Initially an Abstract-Expressionist when that movement was at its height in the 1950s, Jo Baer moved to geometric, hard-edged painting when that aesthetic surfaced in the 1960s, perhaps as a result of meeting minimalist artists Donald Judd and Dan Flavin in 1962. In the 1970s, the style of Jo Baer changed back to an expressionist handling of animal and human forms.
In 1969, Jo Baer received a grant from the National Endowment for the Arts. She taught briefly in 1969-1970 at the School of Visual Arts in New York City. Jo Baer moved to Ireland in 1975, London in 1982 and Amsterdam in 1984, collaborating with English artist Bruce Robbins from 1978 to 1984.
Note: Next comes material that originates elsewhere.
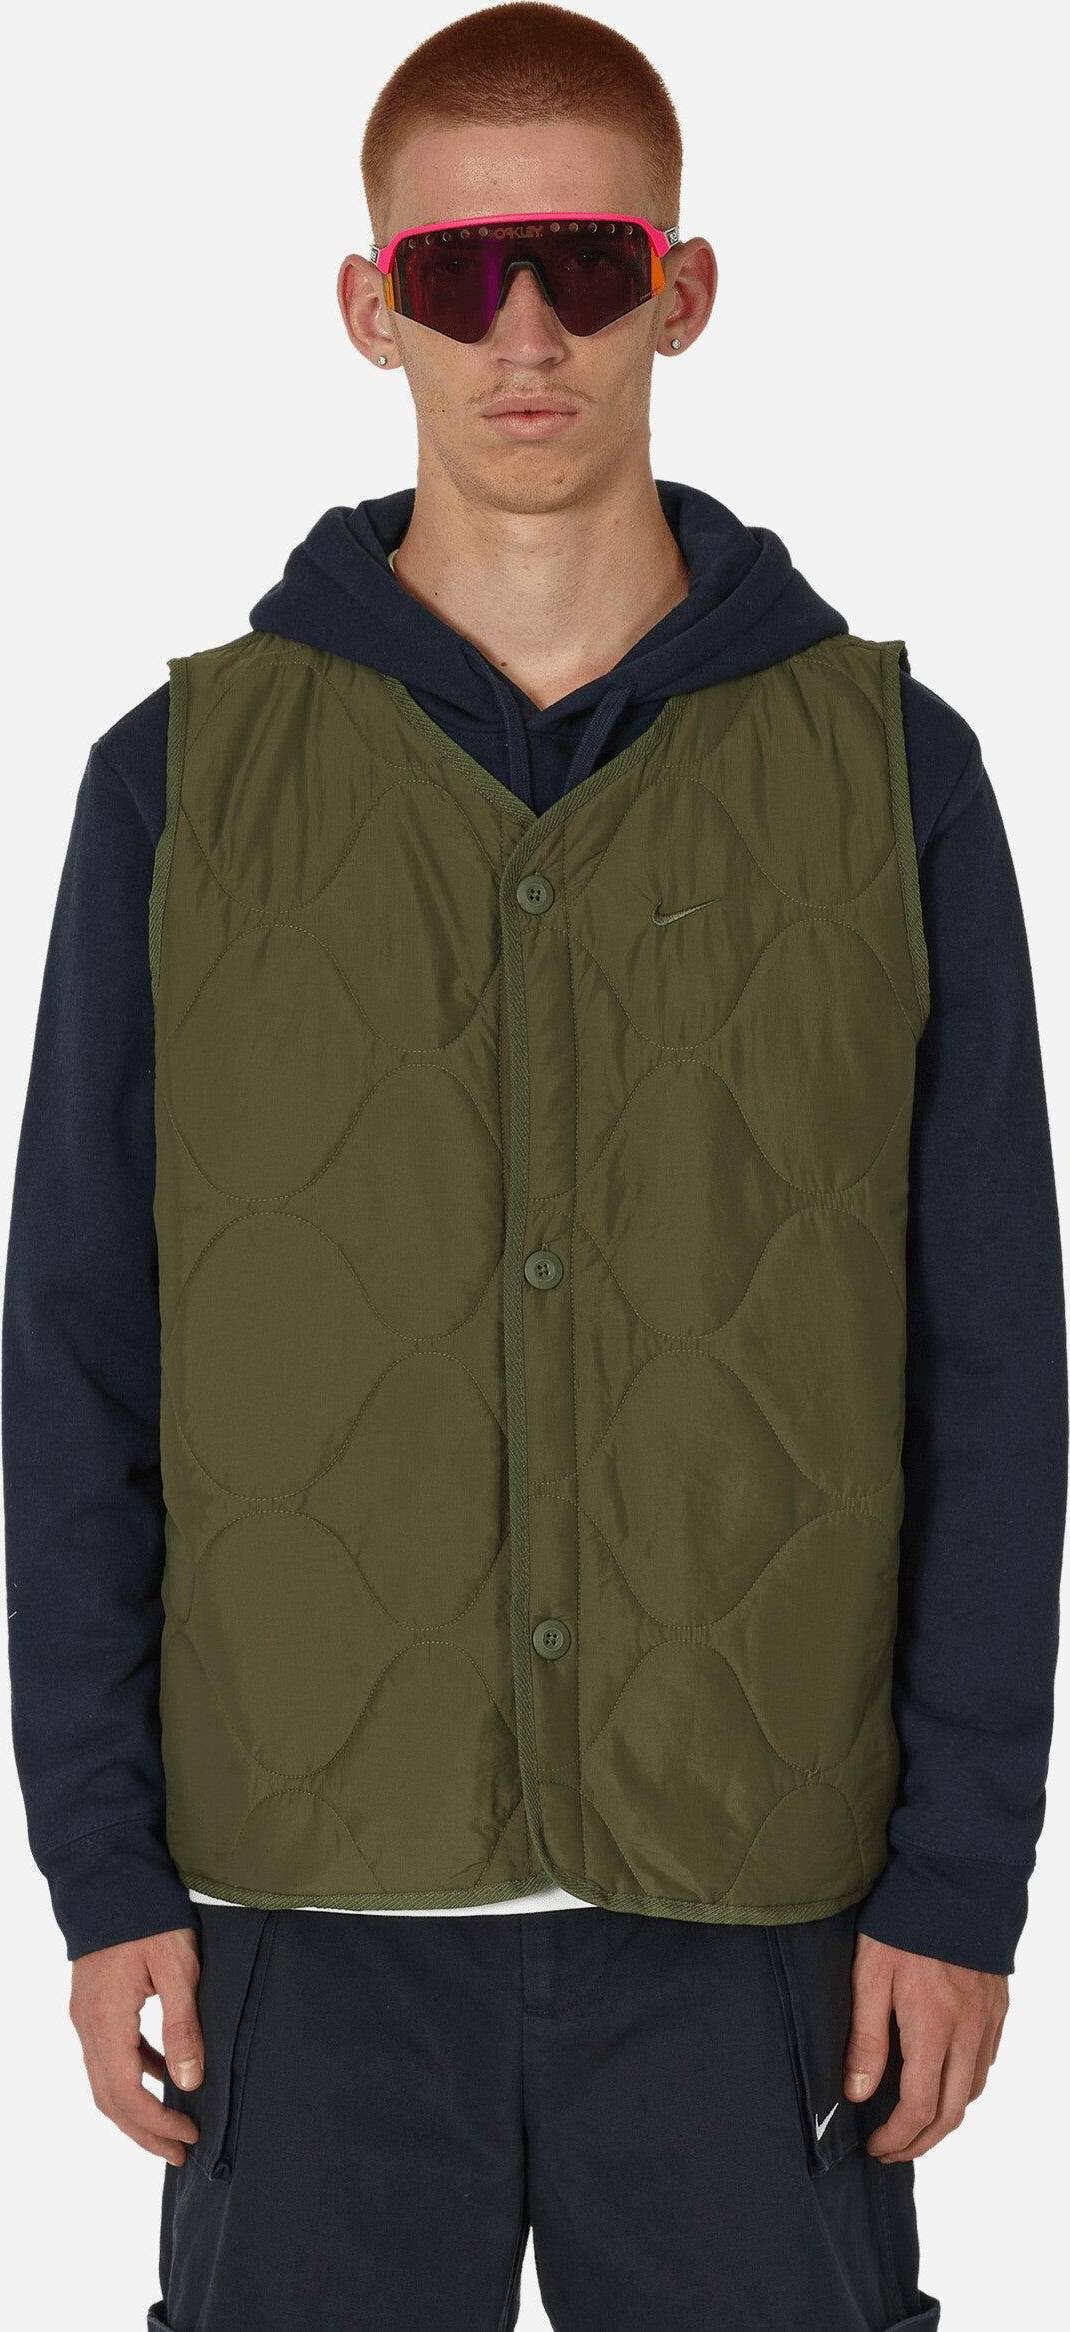 Mens nike gilet Nike Woven Insulated Military Vest, Green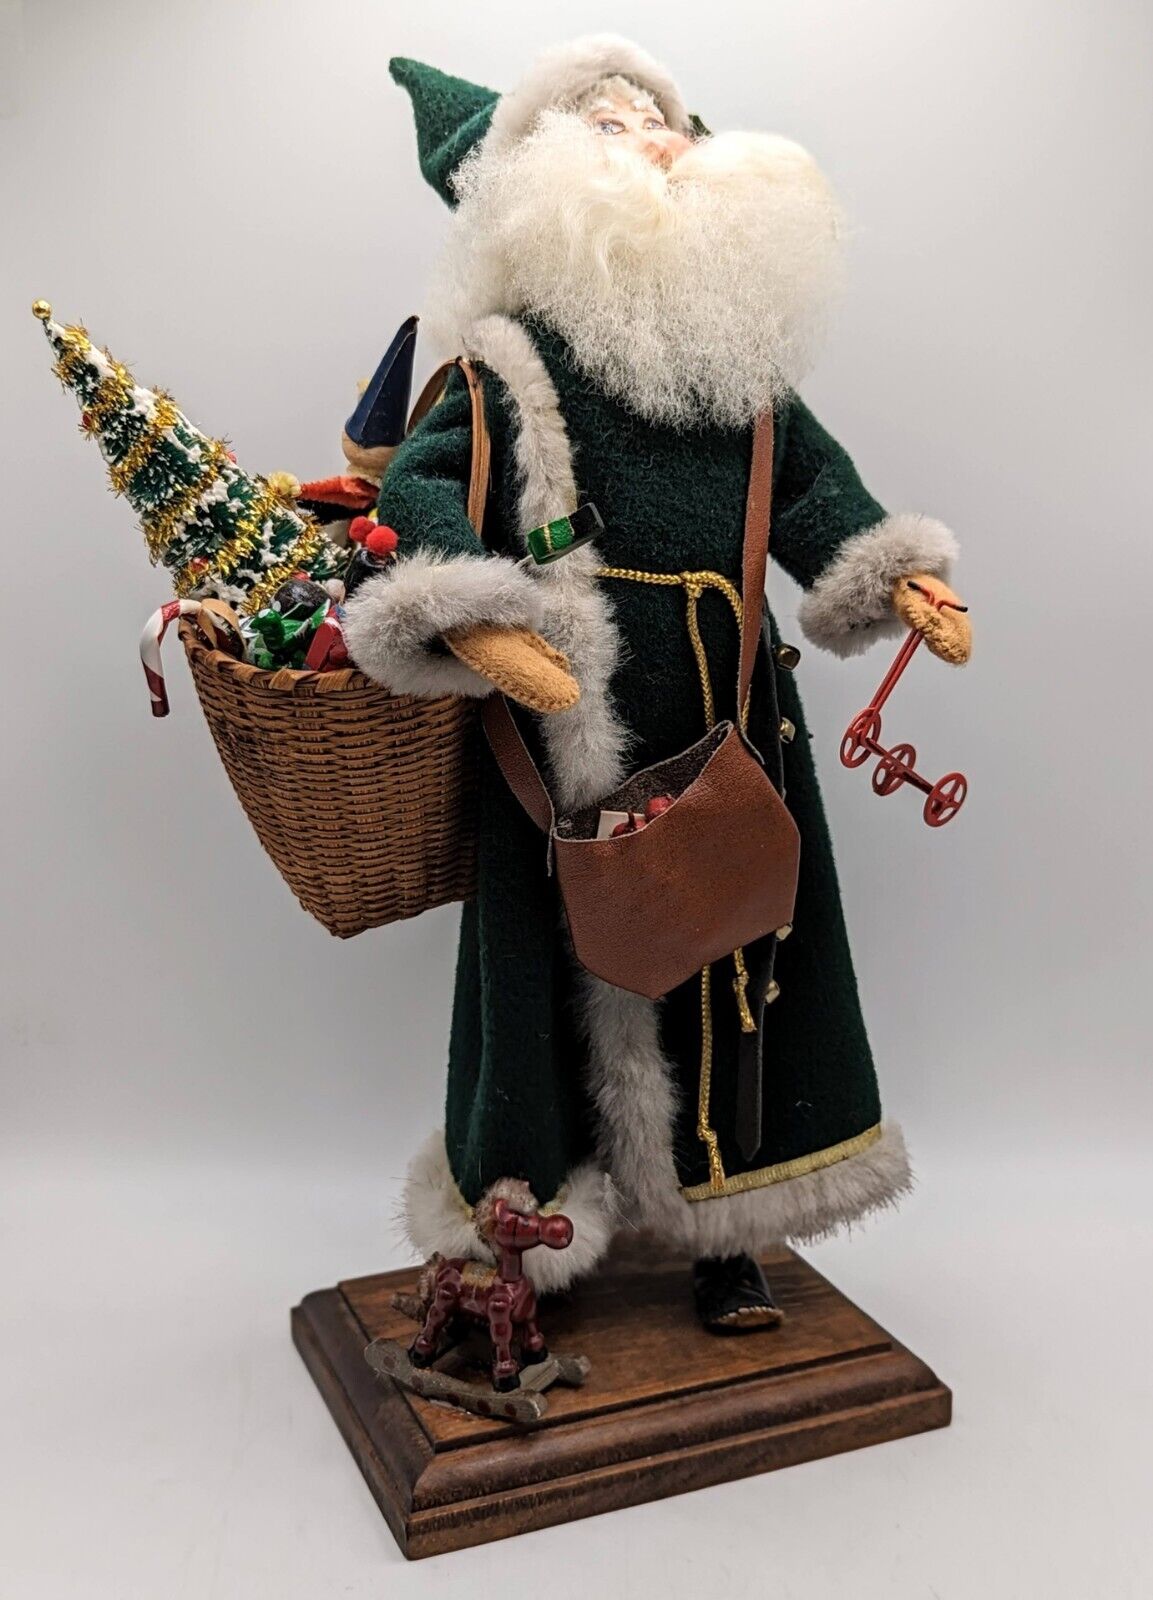 Handmade Green Santa With Toys Vintage Figurine Statue Crafted Luci Isaacs 1987

In a 1983 article in “Art in America”, Jo Baer essentially attacking abstraction, declared that she is “no longer an abstract artist.” While the artist describes her goal of “radical figuration,” Jo Baer remains, in the 1990s into the new millennium, an abstractionist manifesting its various idioms, from nearly pictographic drawing in paint to working with broader, simpler shapes.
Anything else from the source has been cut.